Industrial Accident Board v. Texas Employers' Insurance Ass'n

HUGHES, Justice

(dissenting).

Texas Employer’s Insurance Association was the carrier of Workmen’s Compensation Insurance for San Angelo By-Products, Inc. and an employee of such concern having received fatal injuries while engaged in work within the scope of his employment, the Association, under its policy of insurance and the Workmen’s Compensation laws became absolutely and unconditionally obligated to pay to the legal beneficiaries of the deceased employee a sum of not less than $3,240 (Sec. 8, Art. 8306, V.A. C.S.) or in the absence of any legal beneficiary to pay to the Second Injury Fund the sum of $1,500 (Sec. 12c-2, Art. 8306, V.A.C.S. This amount was increased to $3,000 in 1957. Acts 1957, 55th Leg. p. 1186.)

Under the majority opinion the insurance carrier, appellee, is not required to pay any sum of money to anyone.

*220From this holding, I respectfully dissent.

I believe a judgment in favor of the Second Injury Fund sustainable upon three separate grounds: (1) the undisputed circumstances are sufficient to establish as a matter of law the nonexistence of surviving legal beneficiaries, (2) it was incumbent upon the carrier to establish the nonexistence of surviving legal beneficiaries, (3) the statutes involved are subject to the construction that the insurance carrier’s obligation to pay the stated sum to the Second Injury Fund accrues upon the failure of any legal beneficiary to file claim for benefits within a reasonable time from the death of the employee, the record here showing, as a matter of law, the expiration of such period.

Most of the facts are stated in the majority opinion and they will not be repeated here. Briefly they show that diligent but unsuccessful inquiry was made to ascertain the identity of the deceased employee.

To be noted also is the fact that no claim for benefits was filed with the Board for more than two years after the death of the employee, whereas the statute requires such claim to be filed within six months after such death, but for good cause this requirement may be waived by the Board. Art. 8307, Sec. 4a, V.A.C.S.

The beneficiaries named in the statute (Art. 8306, Sec. 8a, V.A.C.S.) are the husband or wife, the minor children, parents and stepmother, dependent grandparents, dependent children and dependent brothers and sisters of the deceased employee.

Human emotions and nature are such that, in my opinion, the failure for more than two years of any of those persons named in the statute to come forward and establish the identity of the deceased and their relation to him is proof that they do not exist. This proof and the intensity of the effort made to learn the identity of the deceased employee being all the evidence and being free from suspicion its acceptance by the Trial Court was required.1

In Sec. 43, p. 38, Vol. I, Texas Law of Evidence, 2d Ed., by McCormick and Ray, entitled: Test for Determining Location of Burden of Persuasion, the authors pose these questions:

“Since the court conducts no independent investigation, it must apportion between the parties the burden of persuasion. How is this done? What considerations influence the court in making this distribution ? Is there any one general test for all cases ?”

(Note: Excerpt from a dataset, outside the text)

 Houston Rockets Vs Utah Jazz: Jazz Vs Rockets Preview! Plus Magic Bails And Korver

After some discussion the answer given is:

“In answer to the questions propounded above it is at once apparent that no one universal solvent has been found for all cases. This is just as well, for none is necessary. The real determination in each case should rest upon broad considerations of fairness, convenience, and policy, based upon experience in the varying situations. And this is undoubtedly the underlying basis of the decisions in most cases, although it is seldom mentioned in the opinions.”

Consideration of fairness and public policy compel the conclusion here that the insurance carrier who has voluntarily undertaken for compensation to unconditionally pay one of two sums of money upon the death of an employee killed while engaged in the scope of his employment should be charged with the duty of establishing facts to justify the Board in making an award for the lesser amount.

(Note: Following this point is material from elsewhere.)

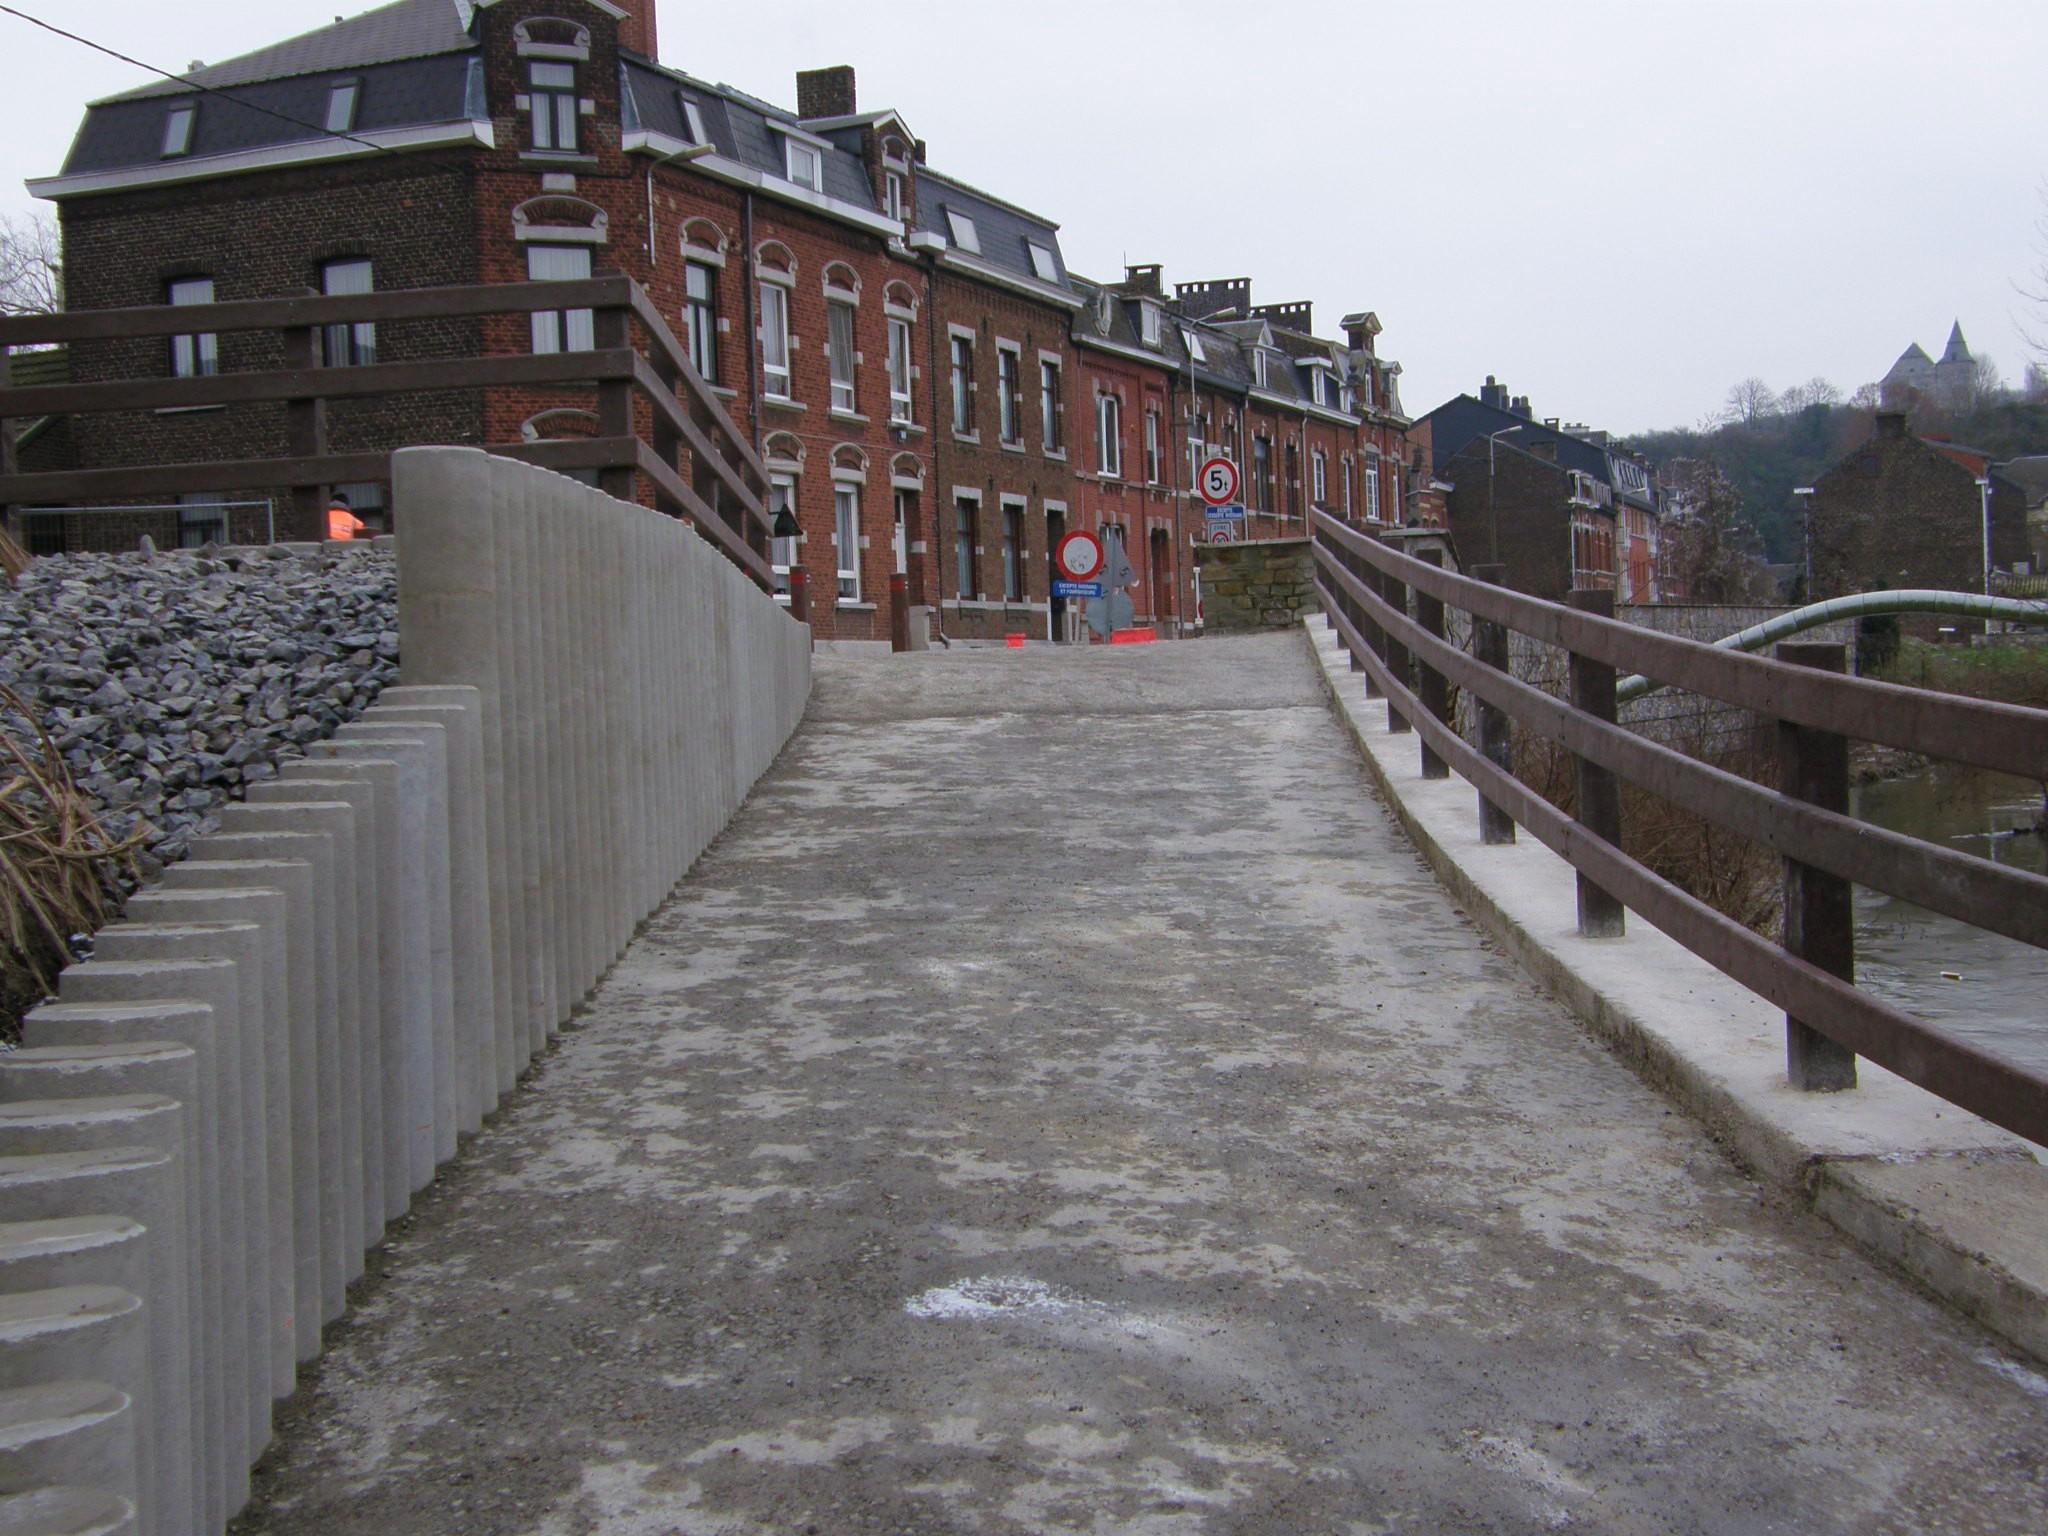 Aménagements urbains

It has been held that the burden of persuasion as to many defensive matters is laid upon the defendant. Sec. 43, McCormick and Ray, supra. For instance the *221authors there state “In negligence actions, sound policy, convenience of proof, and fairness have each been partly responsible for the rule requiring defendant to prove contributory negligence.”

“Sound policy” requires an insurance carrier to honor its obligations. “Fairness” requires an insurance carrier to establish facts necessary to lessen its liability. “Convenience of proof” is identical to both parties in proving that there are no legal beneficiaries.

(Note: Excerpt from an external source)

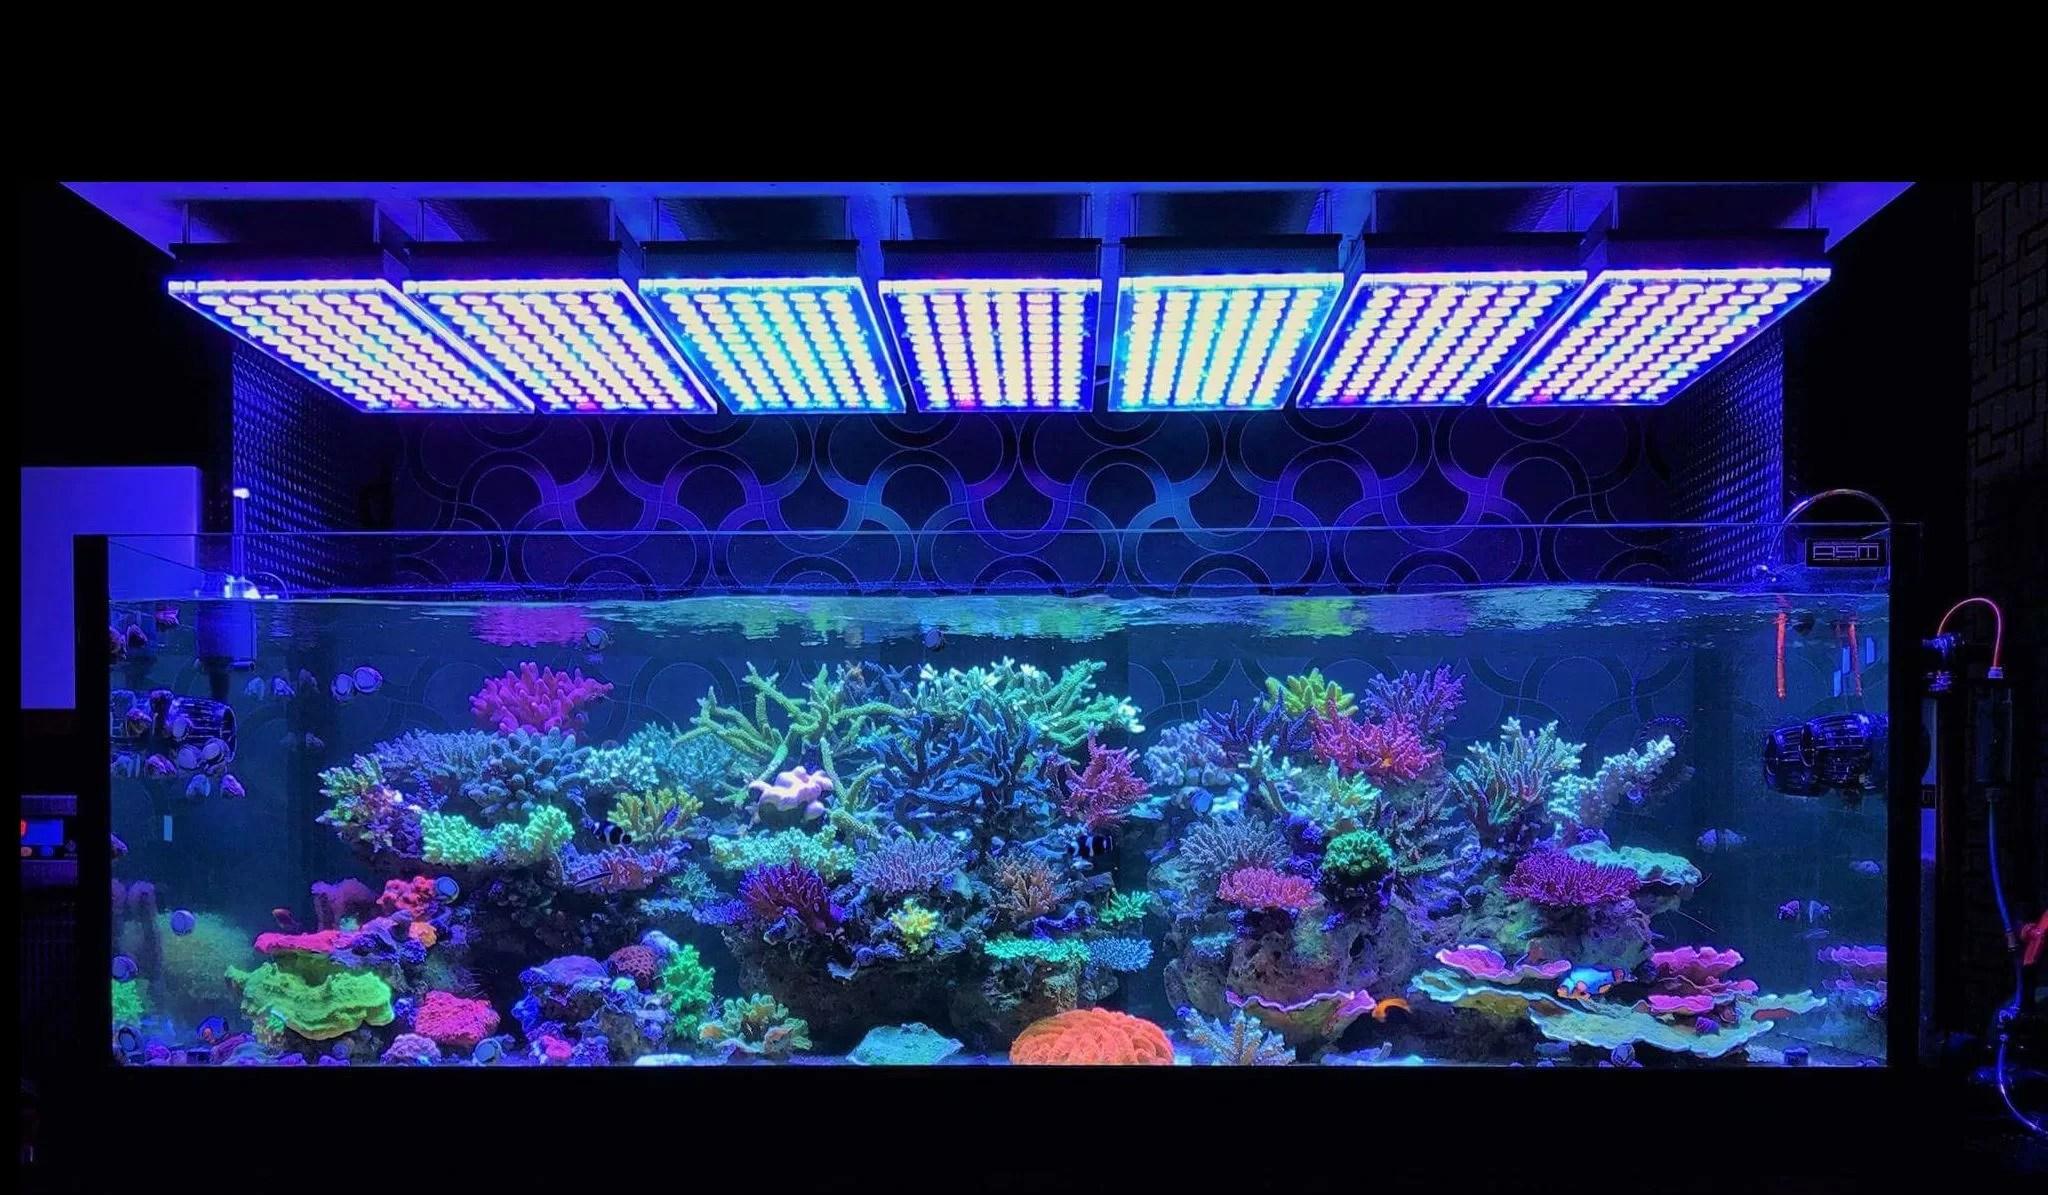 Atlantik V4 Reef Aquarium Led Beleuchtung Orphek

The third ground of recovery is based upon the familiar principle that when the time for performance of a required act is not specified, that performance should occur within a reasonable time.

I would render judgment against appel-lee.

. Compare the quantum of proof necessary to establish death at common law and under our statute, Art. 5541, V.A. C.S. See. 83, McCormick and Ray, Texas Law of Evidence, 2nd Ed.